● **Exercise description**:
Using the entries that follow, write out the line containing "Le fleuriste Narmino", the line containing "Los pasos que", and every line between them, exactly and nothing else.

● **Data provided**:

☆ ☆ ☆

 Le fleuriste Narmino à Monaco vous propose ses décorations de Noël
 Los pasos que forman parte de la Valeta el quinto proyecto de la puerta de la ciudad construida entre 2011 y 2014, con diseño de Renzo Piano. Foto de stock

☆ ☆ ☆

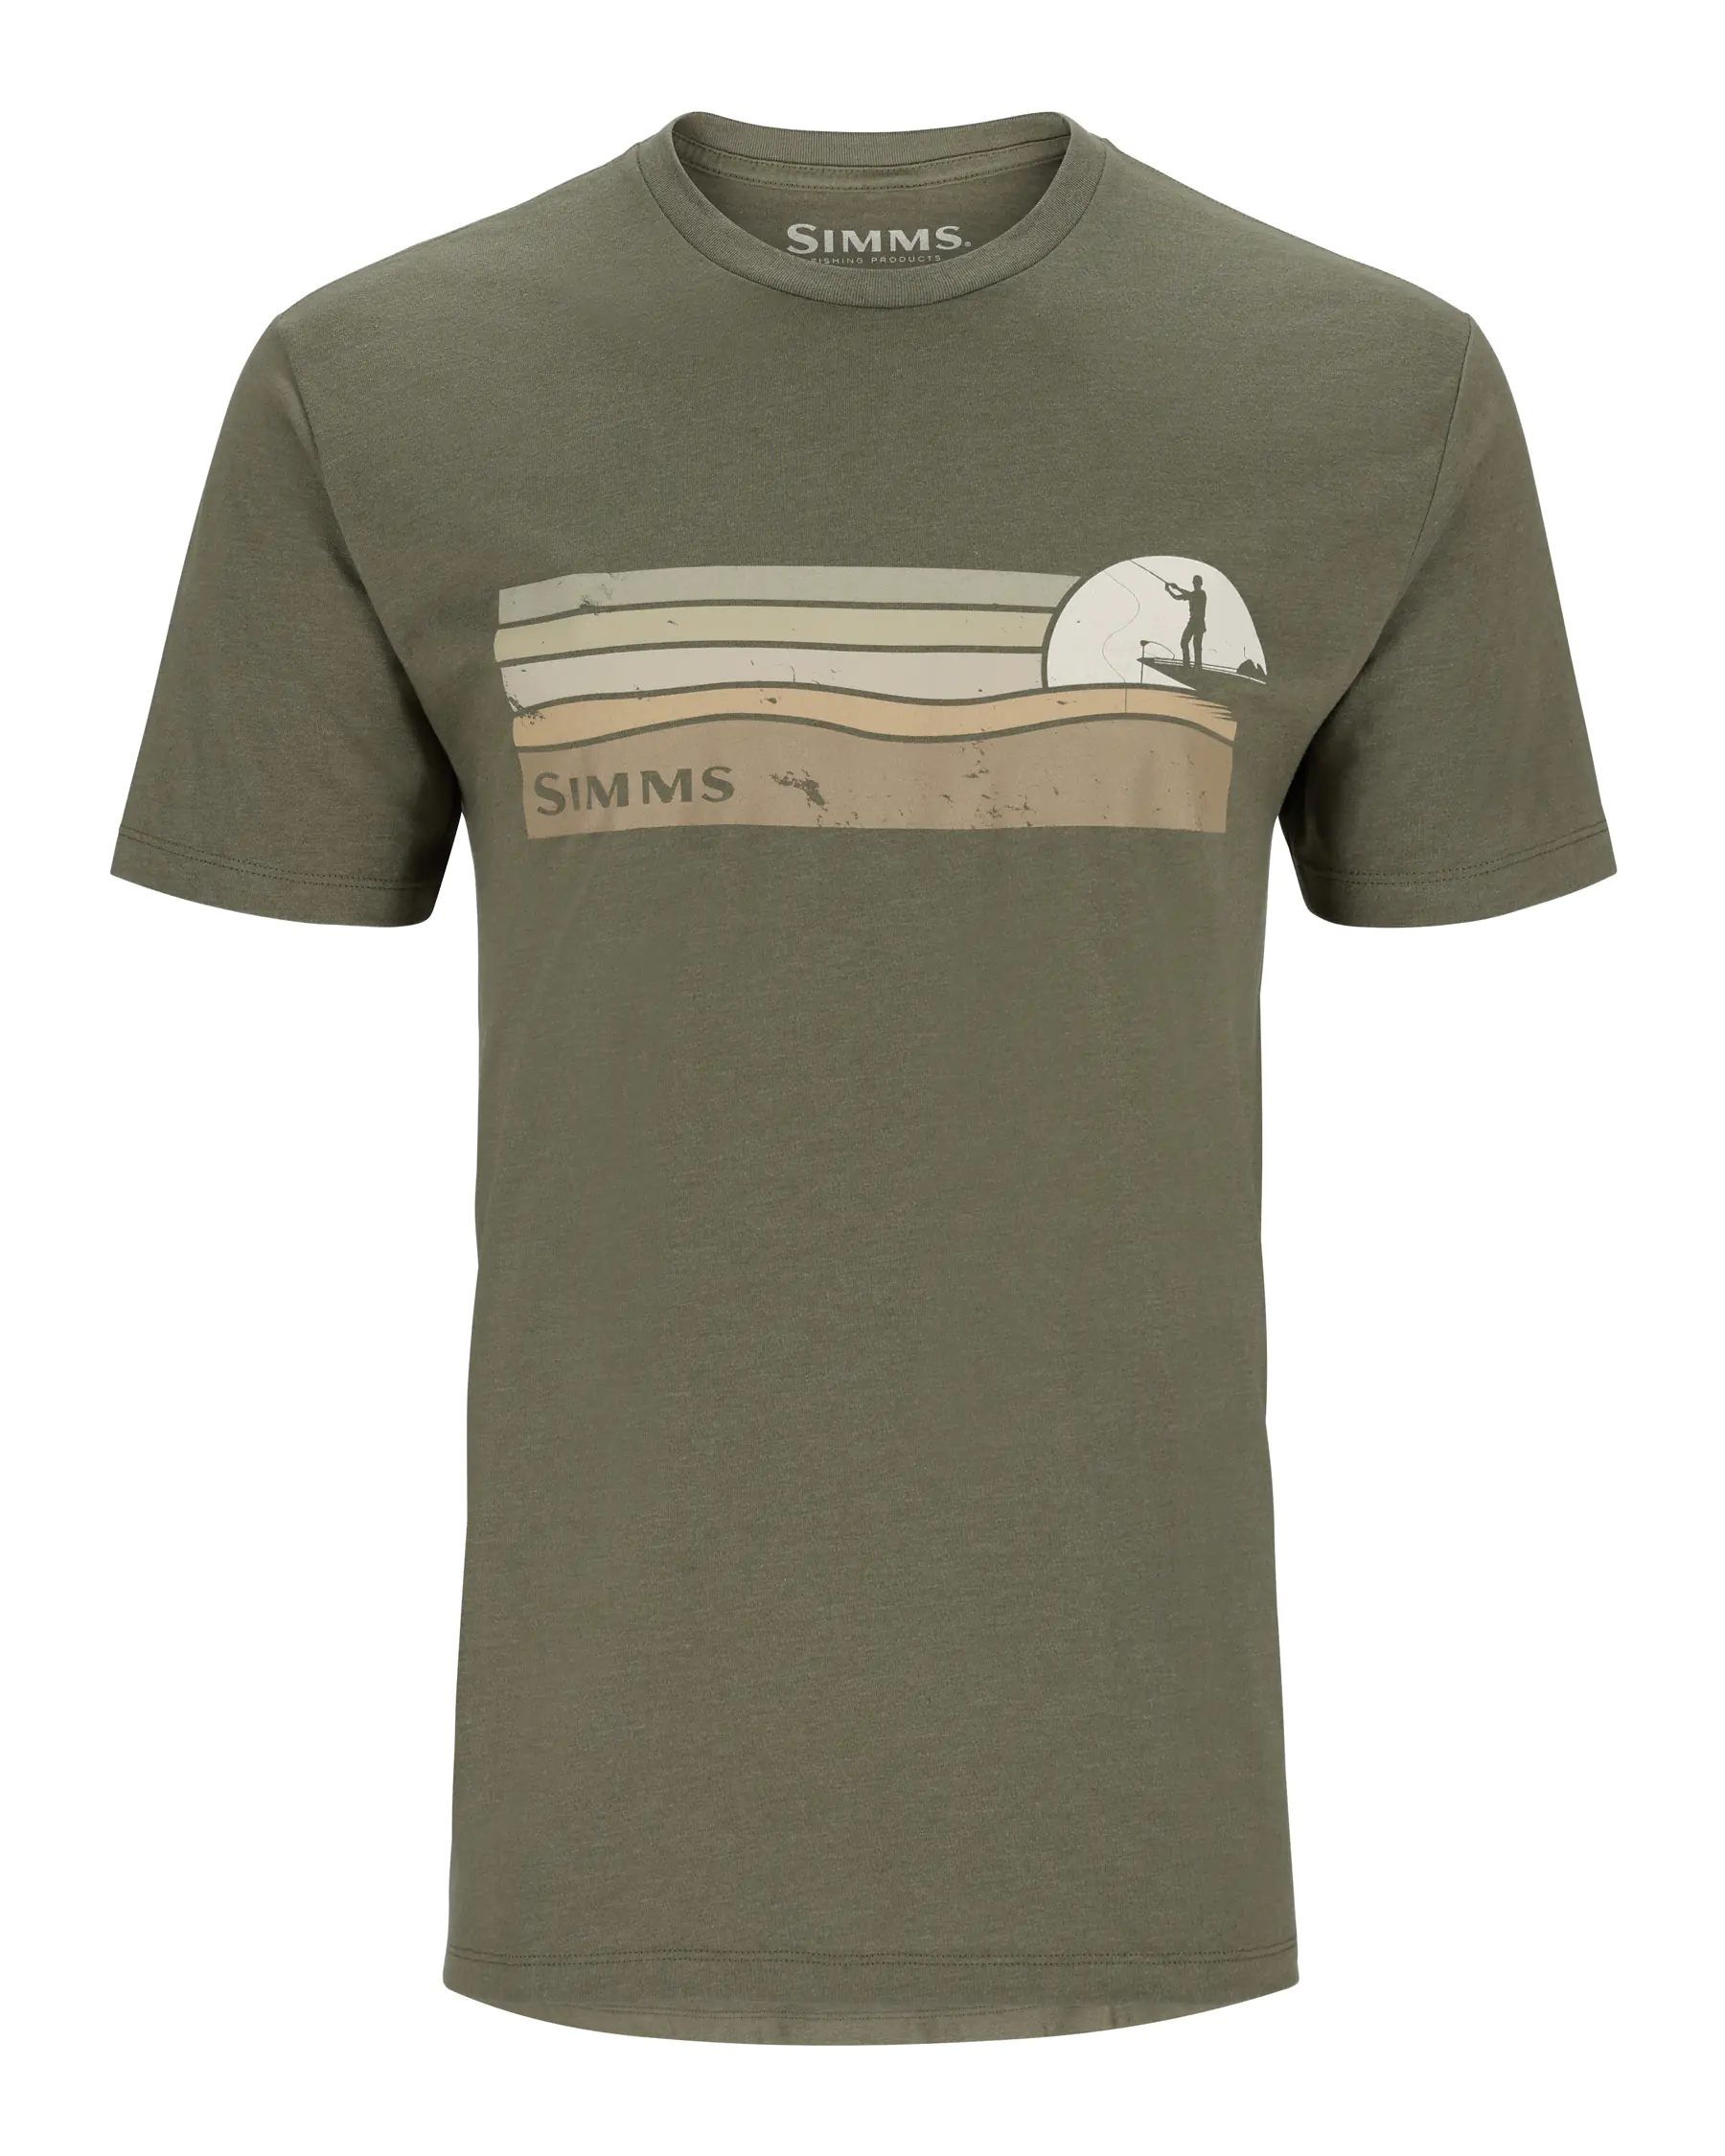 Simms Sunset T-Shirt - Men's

☆ ☆ ☆

● **The answer**:
 Le fleuriste Narmino à Monaco vous propose ses décorations de Noël
 Los pasos que forman parte de la Valeta el quinto proyecto de la puerta de la ciudad construida entre 2011 y 2014, con diseño de Renzo Piano. Foto de stock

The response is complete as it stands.